Subscribe to DSC Newsletter

Three Myths About Today’s In-Memory Databases

In-memory database technology is fashionable in recent years as the price of RAM drops substantially and gigabyte chips become affordable. By taking advantage of the cost-performance value of RAM, leading edge database developers are boosting the performance of next-generation databases with in-memory technology. However, many developers who intend to adopt in-memory technology only think of speed in terms of RAM, and do not exploit the true power of in-memory technology.

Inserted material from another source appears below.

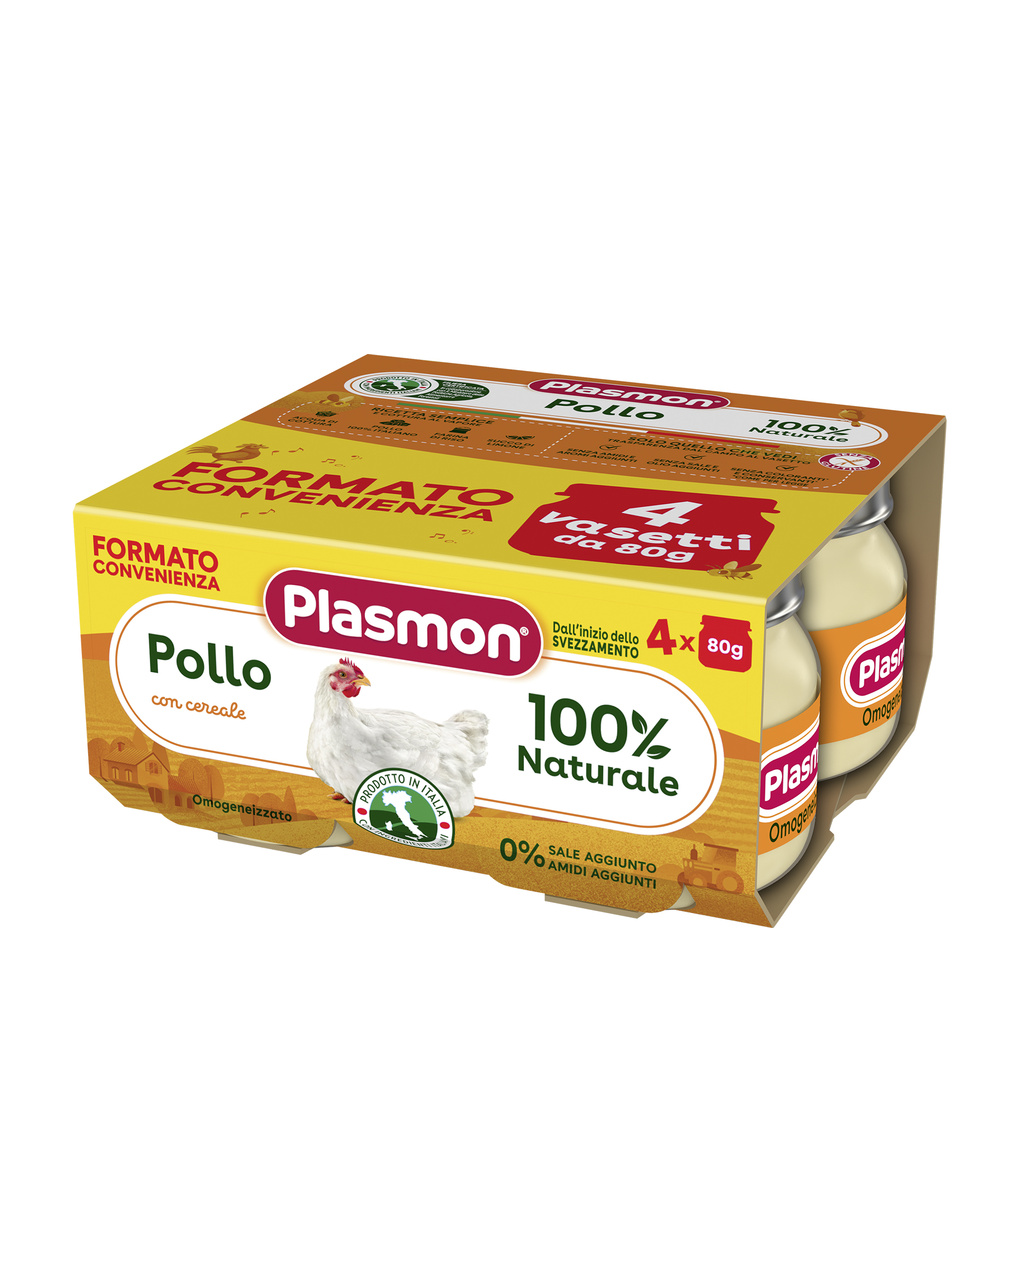 Plasmon - omogeneizzato pollo 4x80g

The argument here is that in-memory technology means not only taking advantage of the speed of RAM, but also suggests a new way trading space for time.

Many developers apply the technology in limited ways as follows:

1. In-memory databases are cool since RAM runs faster than disk. But is that all?

We understand that RAM offers lower latency than hard disk drives, including the newer SSDs. So when implementing an in-memory database, we may simply load the data tables into RAM during system initialization and take full advantage of memory speed at run time. This seems straightforward and intuitive to most people. However, speed is still quite limited since the actual size of virtual memory that can be allocated is subject to the size of disk swap space – usually one or two times the size of RAM. Therefore, the size of the dataset will be constrained by that of swap space. Once the data size approaches the limits of the swap space, process time will jump exponentially and computation begins to bottleneck. In spite of the drop in price of memory, given the data size we work with today, the investment in hardware is still cost prohibitive.

2. From 32-bit to 64-bit, is recompiling the code enough?

64-bit architecture plays a critical role on in-memory technology, which allows more than 4GB of memory. Without 64-bit architecture, in-memory databases would be less effective and certainly would not be able to stand up as today’s breakthrough solution. Ever since the 64-bit CPU was introduced, we see efforts to recompile the code used to run on 32-bit architecture and port it to the new one. While 2^32 is a limited number, 2^64 is virtually infinite. When address space is nearly unlimited, it opens the possibility for us to redesign computational algorithms so that we can trade space for time.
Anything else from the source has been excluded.